Образ такого языка в романе есть образ социального кругозора, образ социальной идеологемы, сросшейся со своим словом, со своим языком. Поэтому менее всего такой образ может быть формалистичным, а художественная игра такими языками — формалистической игрой. Формальные признаки языков, манер и стилей в романе — символы социальных кругозоров. Внешние языковые особенности часто используются здесь как побочные признаки социально-языковой дифференциации, иногда даже в виде прямых авторских комментариев к речам героев. Например, в “Отцах и детях” Тургенев дает иногда такие указания об особенностях словоупотребления или произношения своих персонажей (кстати сказать, очень характерные с социально-исторической точки зрения).

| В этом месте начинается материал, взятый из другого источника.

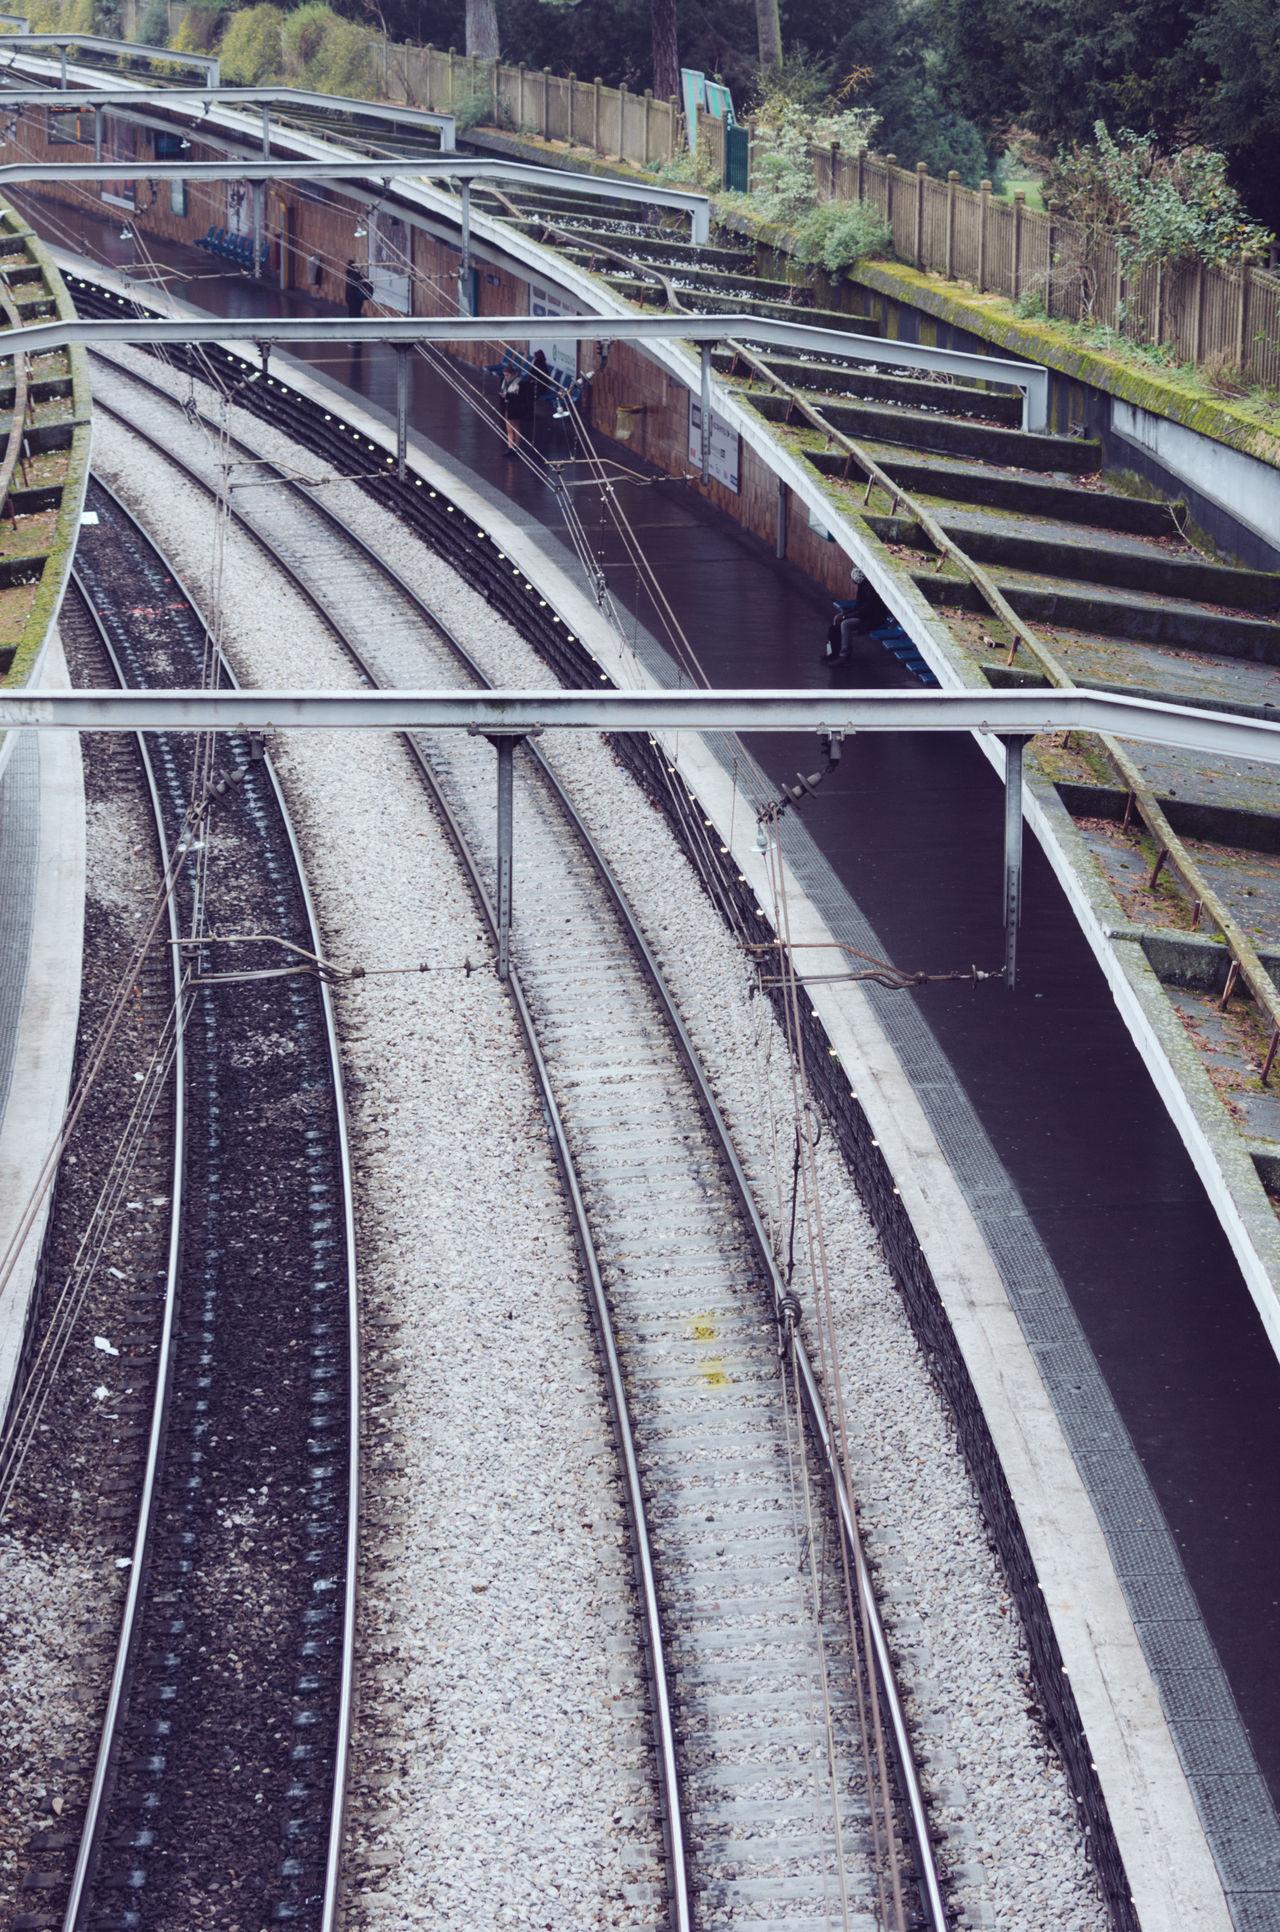 Gare Cite Univesite #film #lazyday #Paris #france  #park Public Transportation Rail Transportation Railroad Station Railroad Station Platform Railroad Track Transportation

Так, различное произношение слова “принципы” в романе является признаком, дифференцирующим разные культурно-исторические и социальные миры: мир барской помещичьей культуры 20 — 30-х годов, воспитанной на французской литературе, чуждой латыни и немецкой науке, и мир разночинной интеллигенции 50-х годов, где задавали тон семинаристы и медики, воспитанные на латыни и на немецкой науке. Твердое латинско-немецкое произношение слова “принципы” победило в русском языке. Но и словоупотребление Кукшиной, говорившей вместо “человек” — “господин”, укоренилось в низких и средних жанрах литературного языка.

Такие внешние и прямые наблюдения над особенностями языков персонажей характерны для романного жанра, но, конечно, не ими создается образ языка в романе. Эти наблюдения чисто объектны: авторское слово здесь лишь внешне касается характеризуемого языка как вещи, здесь нет внутренней диалогичности, характерной для образа языка. Подлинный образ языка имеет всегда диалогизованные двуголосые и двуязычные контуры (например, зоны героев, о которых мы говорили в предшествующей главе).

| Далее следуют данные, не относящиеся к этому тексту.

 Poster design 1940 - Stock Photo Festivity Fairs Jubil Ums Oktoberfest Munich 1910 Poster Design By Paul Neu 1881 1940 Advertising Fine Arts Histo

Роль обрамляющего изображаемую речь контекста в создании образа языка имеет первостепенное значение. Обрамляющий контекст, как резец скульптора, об-

 


тачивает границы чужой речи и высекает из сырой эмпирики речевой жизни образ языка; он сливает и сочетает внутреннюю устремленность самого изображаемого языка с его внешними объектными определениями. Изображающее и обрамляющее чужую речь авторское слово создает ей перспективу, распределяет тени и свет, создает ситуацию и все условия для ее звучания, наконец, проникает в нее изнутри, вносит в нее свои акценты и свои выражения, создает ей диалогизующий фон. Благодаря этой способности языка, изображающего другой язык, звучать одновременно и вне его и в нем, говорить о нем и в то же время говорить на нем и с ним, и, с другой стороны, способность изображаемого языка служить одновременно объектом изображения и говорить самому, — благодаря этой способности и могут быть созданы специфические романные образы языков. Поэтому для обрамляющего авторского контекста изображаемый язык менее всего может быть вещью, безгласным и безответным предметом речи, остающимся вне ее, как всякий иной предмет речи.

 

Все приемы создания образа языка в романе могут быть сведены к трем основным категориям: 1) гибридизация, 2) диалогизованное взаимоотношение языков и 3) чистые диалоги.

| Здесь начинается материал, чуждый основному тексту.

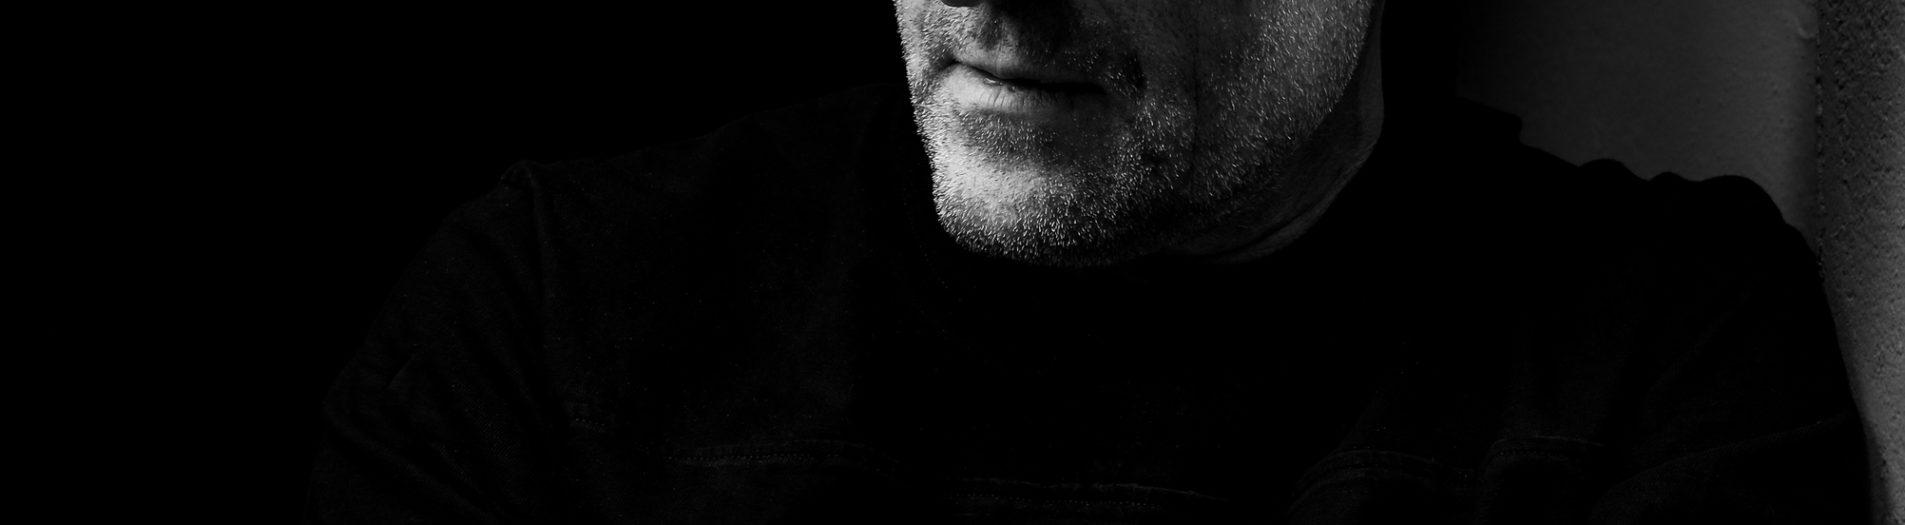 @PortraitsOfColors Training/Shoot x @BennyGroeninga @Benny_Groeninga_Colour [15-10-2021] by DillenvanderMolen @MrOfColorsPhotography

Эти три категории приемов могут быть расчленены лишь теоретически, они неразрывно сплетаются в единой художественной ткани образа.

Что такое гибридизация? Это смешение двух социальных языков в пределах одного высказывания, встреча на арене этого высказывания двух разных, разделенных эпохой или социальной дифференциацией (или и тем и другим), языковых сознаний.